DIRECTIONS FOR THIS TASK: With pictures excluded, repeat exactly the lines from the one containing "Watercolor Style Butterfly Canvas Art" through the last line of the material below.

*** Opening PROVIDED MATERIAL ***

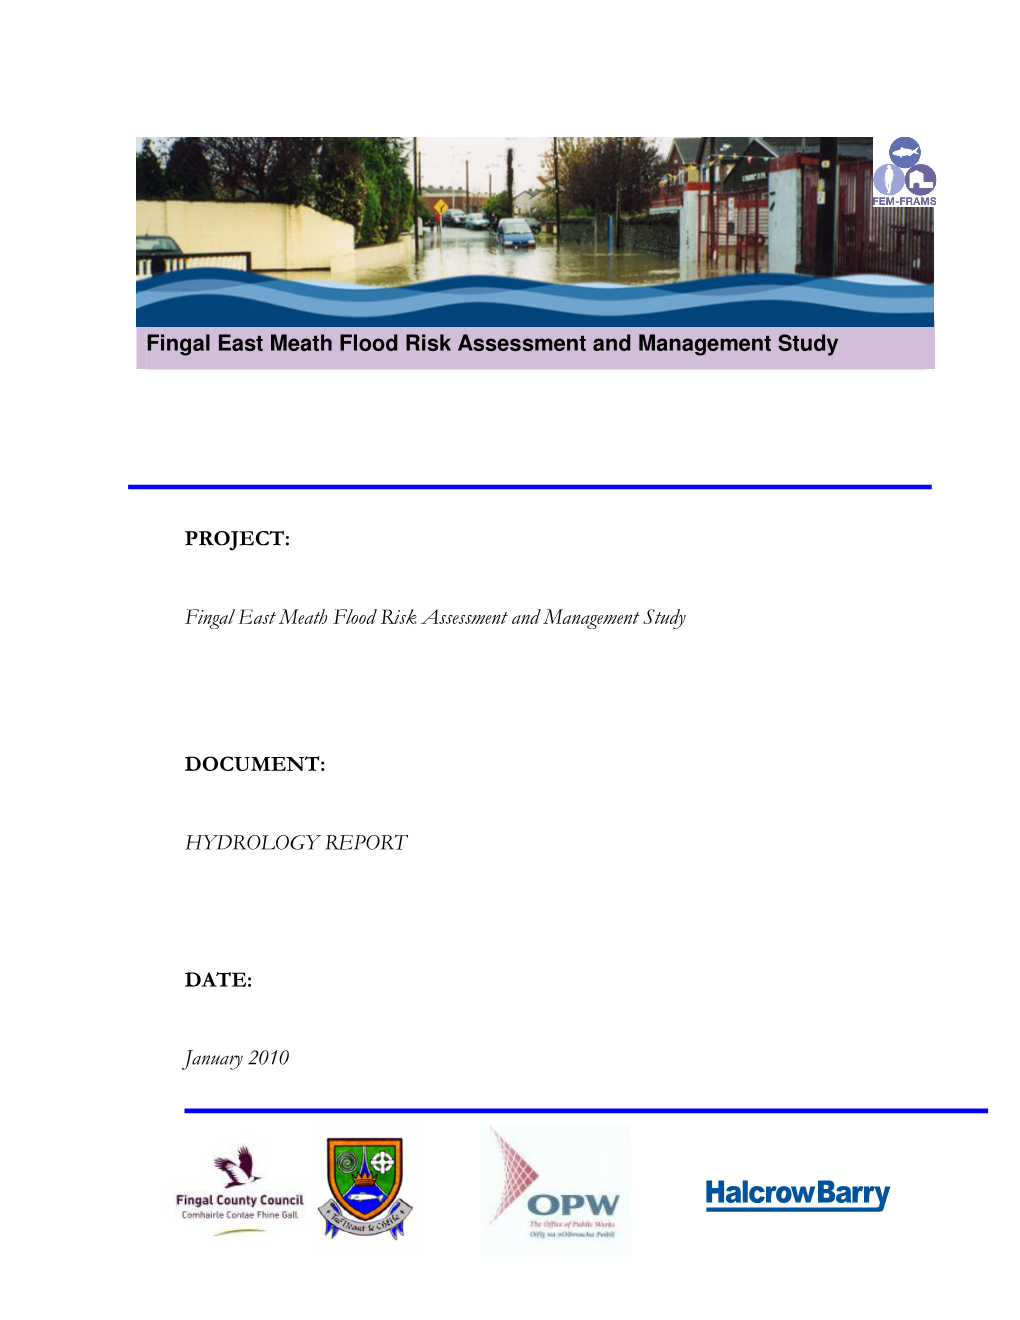 Hydrology Report Date
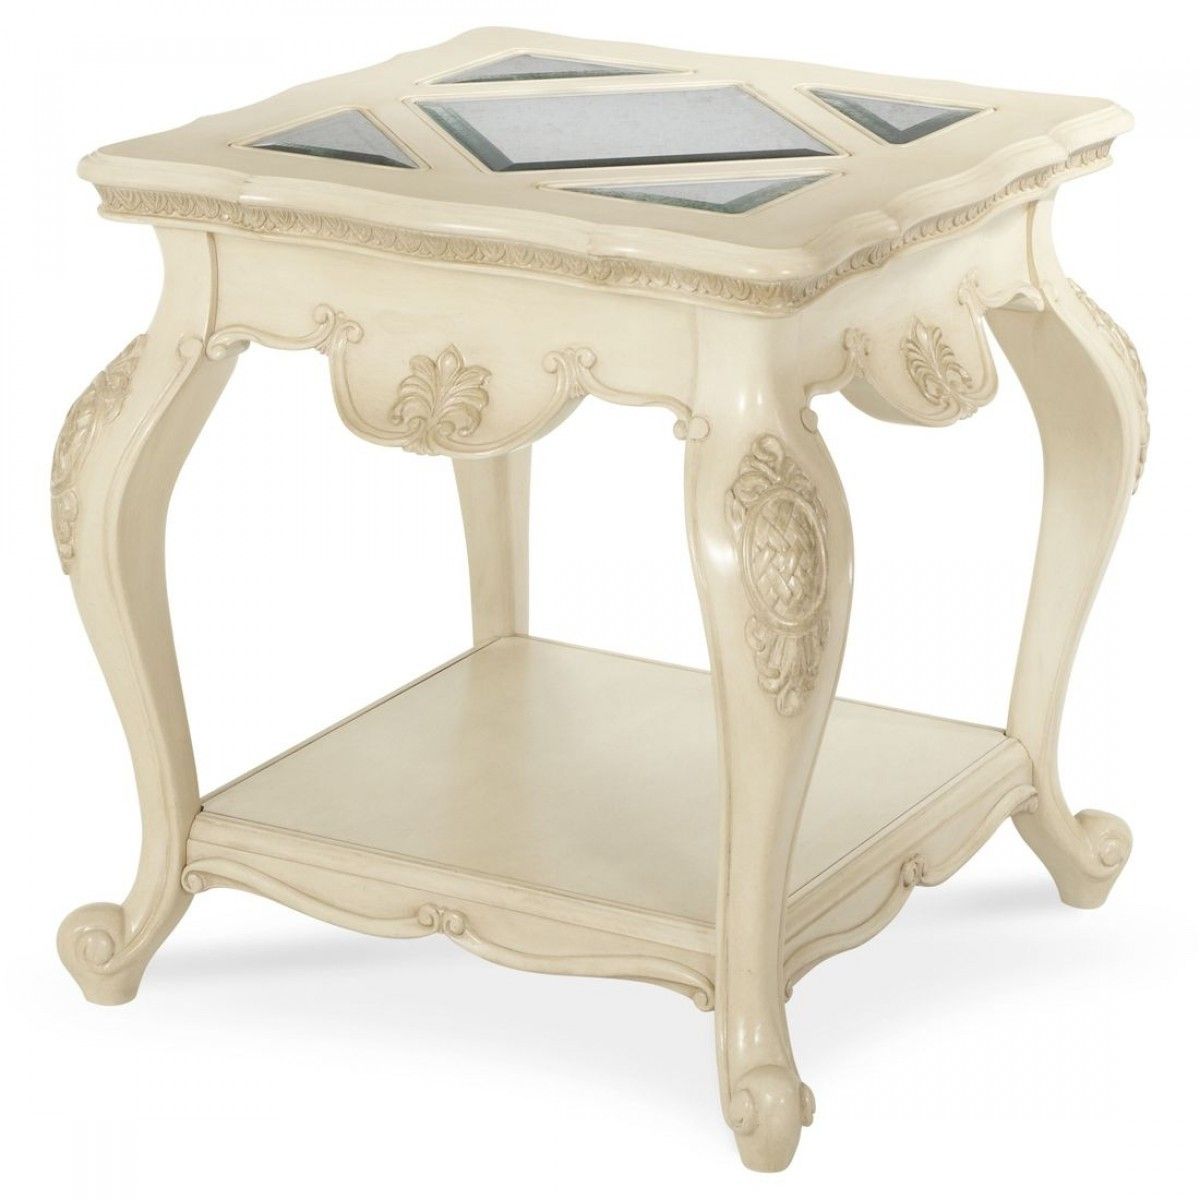 Aico Michael Amini Lavelle Blanc End Table Regarding Marcus Oyster 6 Piece Sectionals With Power Headrest And Usb (View 21 of 30)
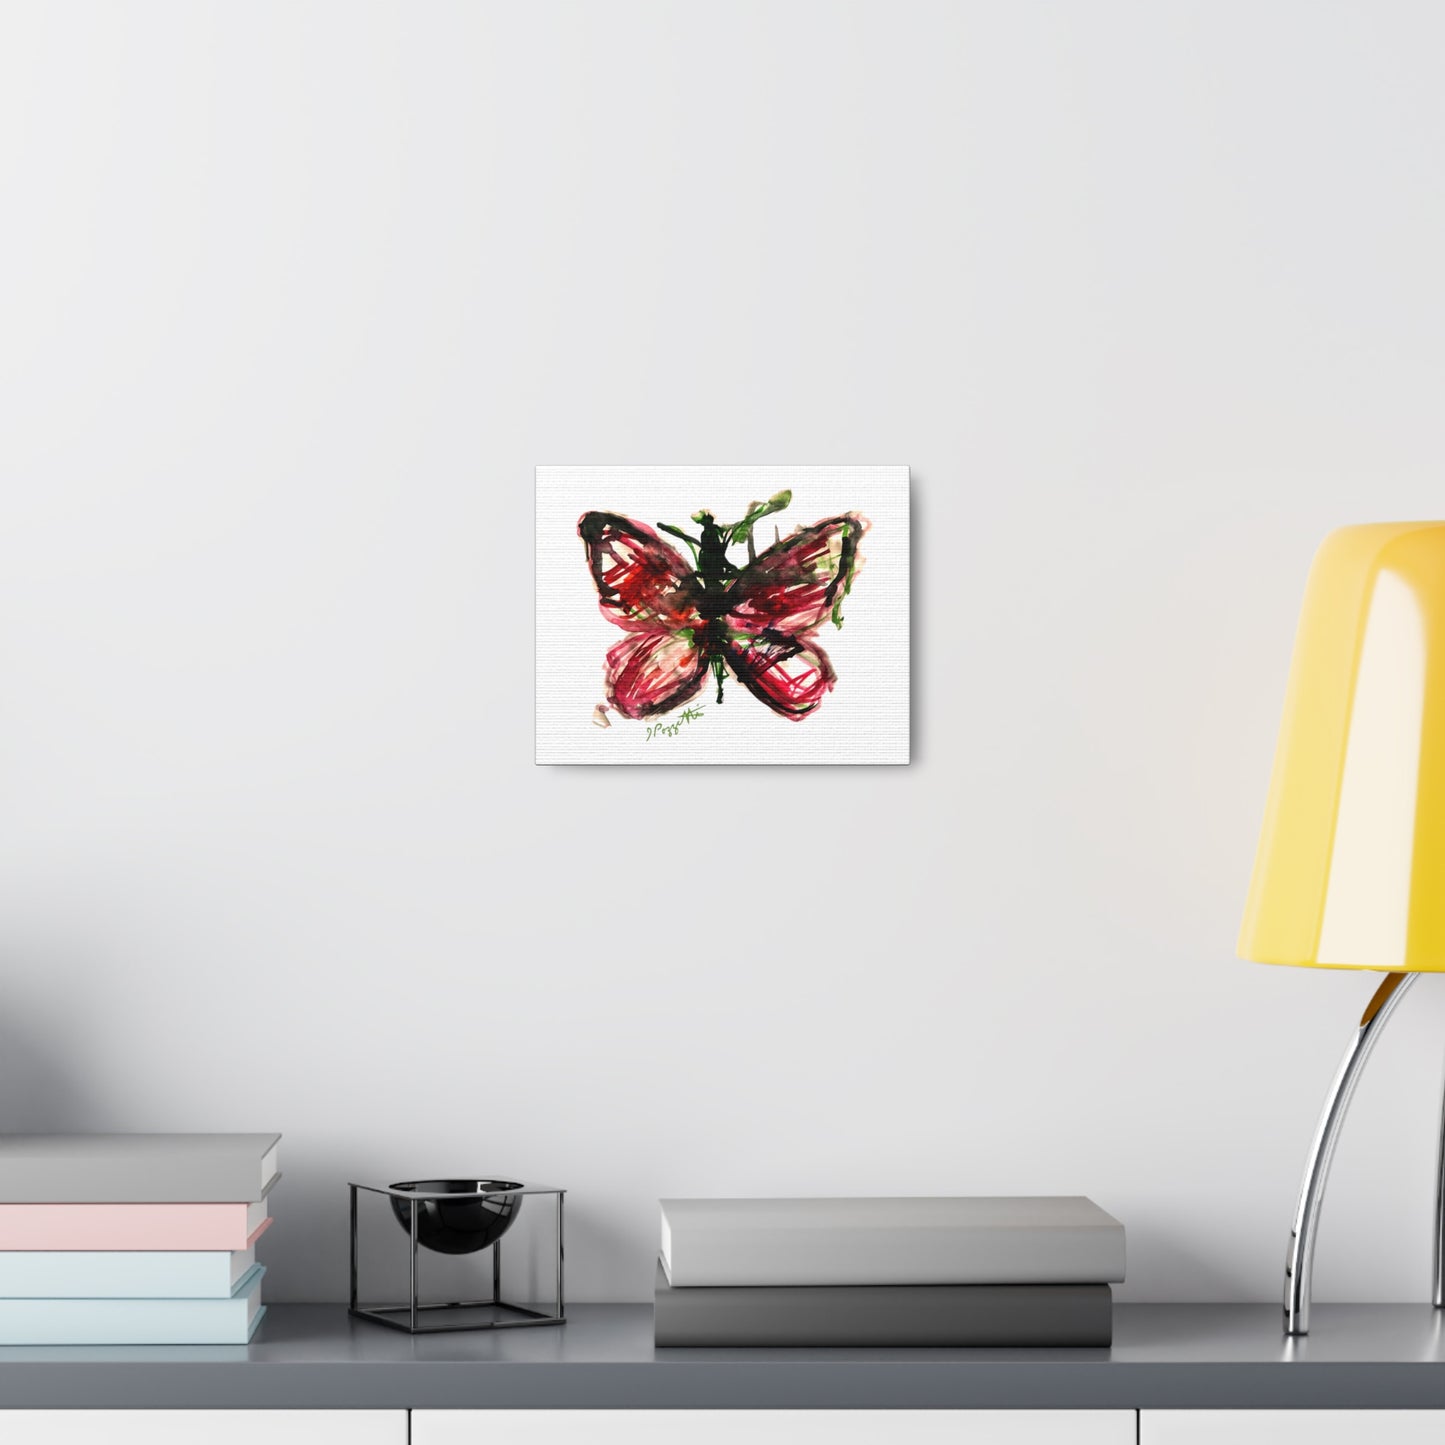 Watercolor Style Butterfly Canvas Art
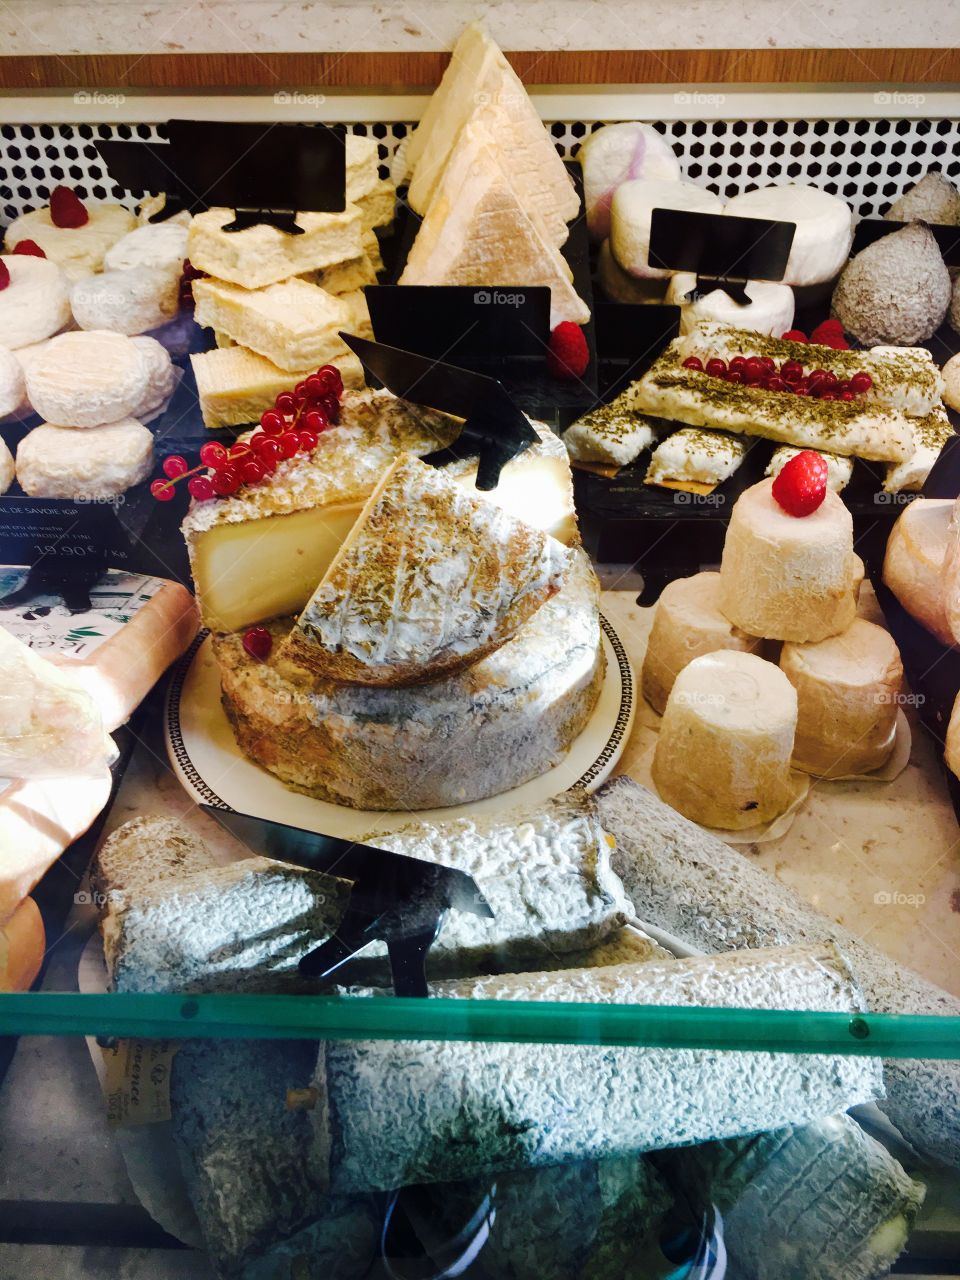 Fromage Shop in Paris, France

*** Closing PROVIDED MATERIAL ***

SOLUTION TO THIS EXERCISE:
 Watercolor Style Butterfly Canvas Art
 Fromage Shop in Paris, France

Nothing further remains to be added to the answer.